### Exercise prompt
Among the entries below, only the lines starting at the one with "11 Cambridge A, West" and ending at the one with "Wandbilder Wald Schwarz", both included, are to be printed exactly.

### Supplied records
• • • •
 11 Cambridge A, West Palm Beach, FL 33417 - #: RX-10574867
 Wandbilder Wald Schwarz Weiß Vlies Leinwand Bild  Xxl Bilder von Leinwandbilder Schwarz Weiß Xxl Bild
• • • •
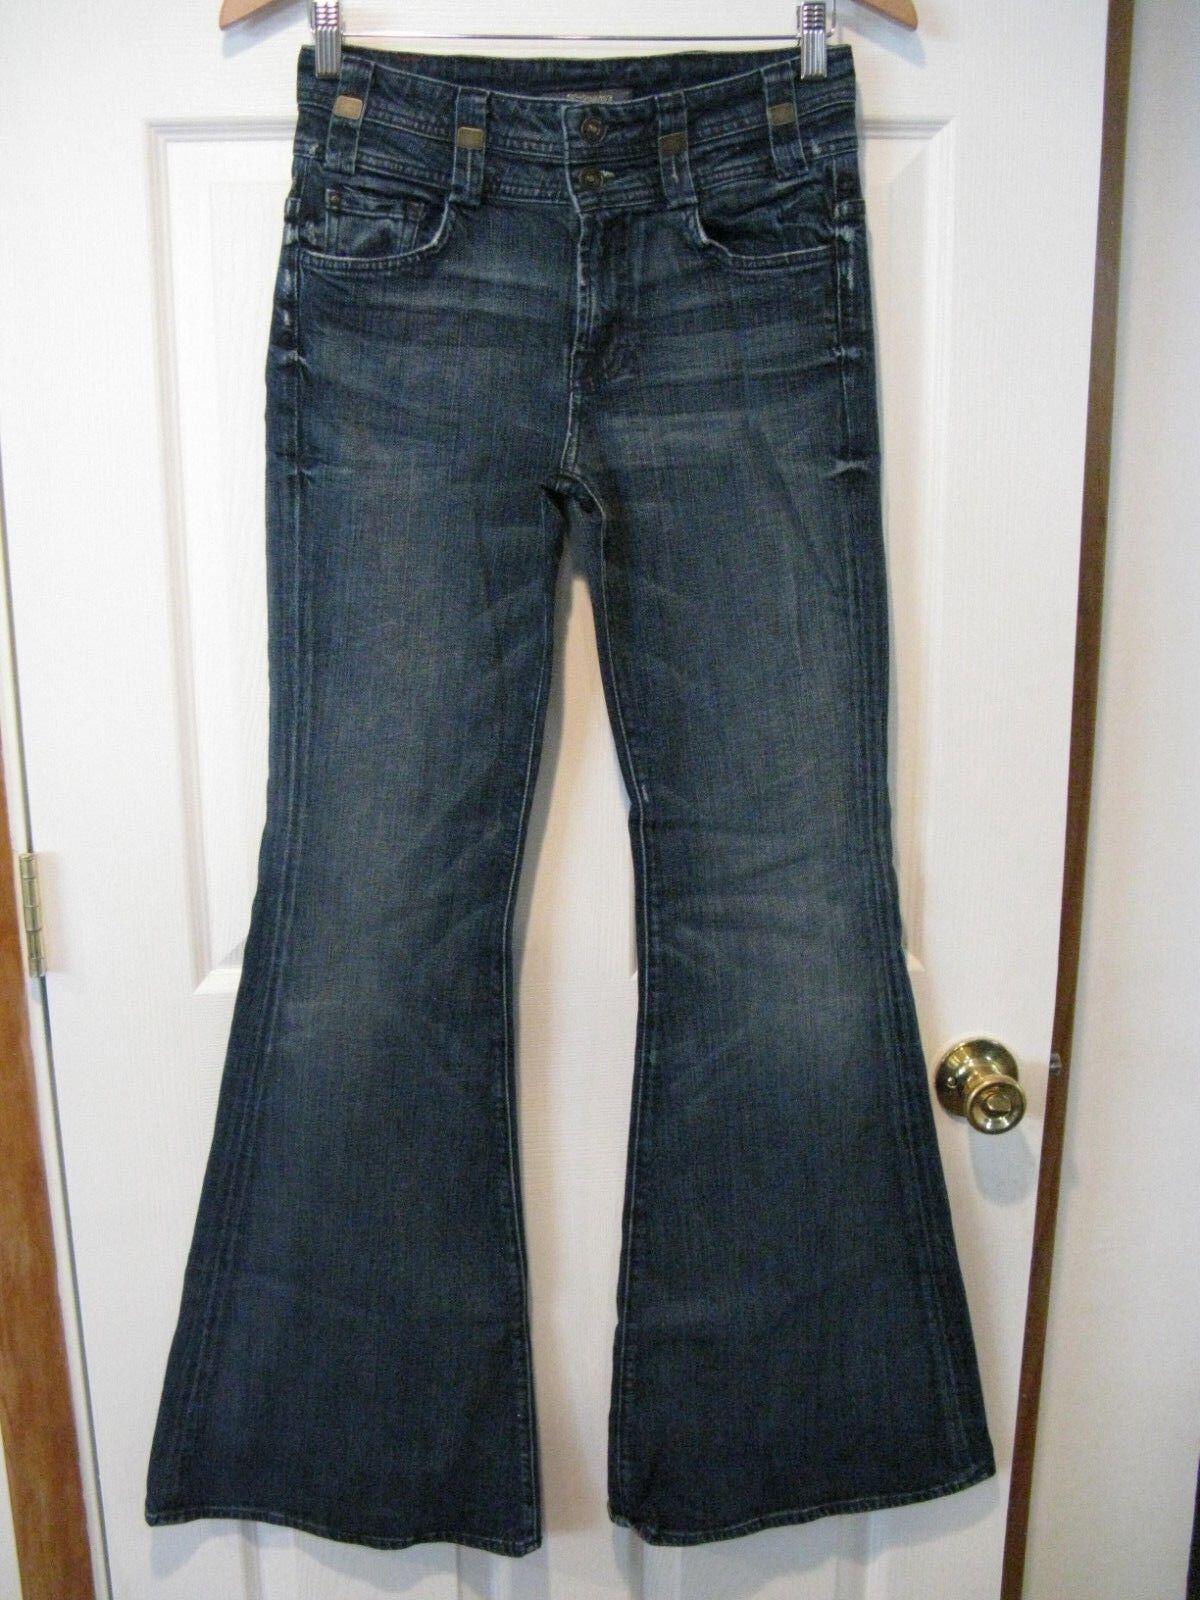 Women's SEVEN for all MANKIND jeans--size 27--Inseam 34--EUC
• • • •
### Answer to this task
 11 Cambridge A, West Palm Beach, FL 33417 - #: RX-10574867
 Wandbilder Wald Schwarz Weiß Vlies Leinwand Bild  Xxl Bilder von Leinwandbilder Schwarz Weiß Xxl Bild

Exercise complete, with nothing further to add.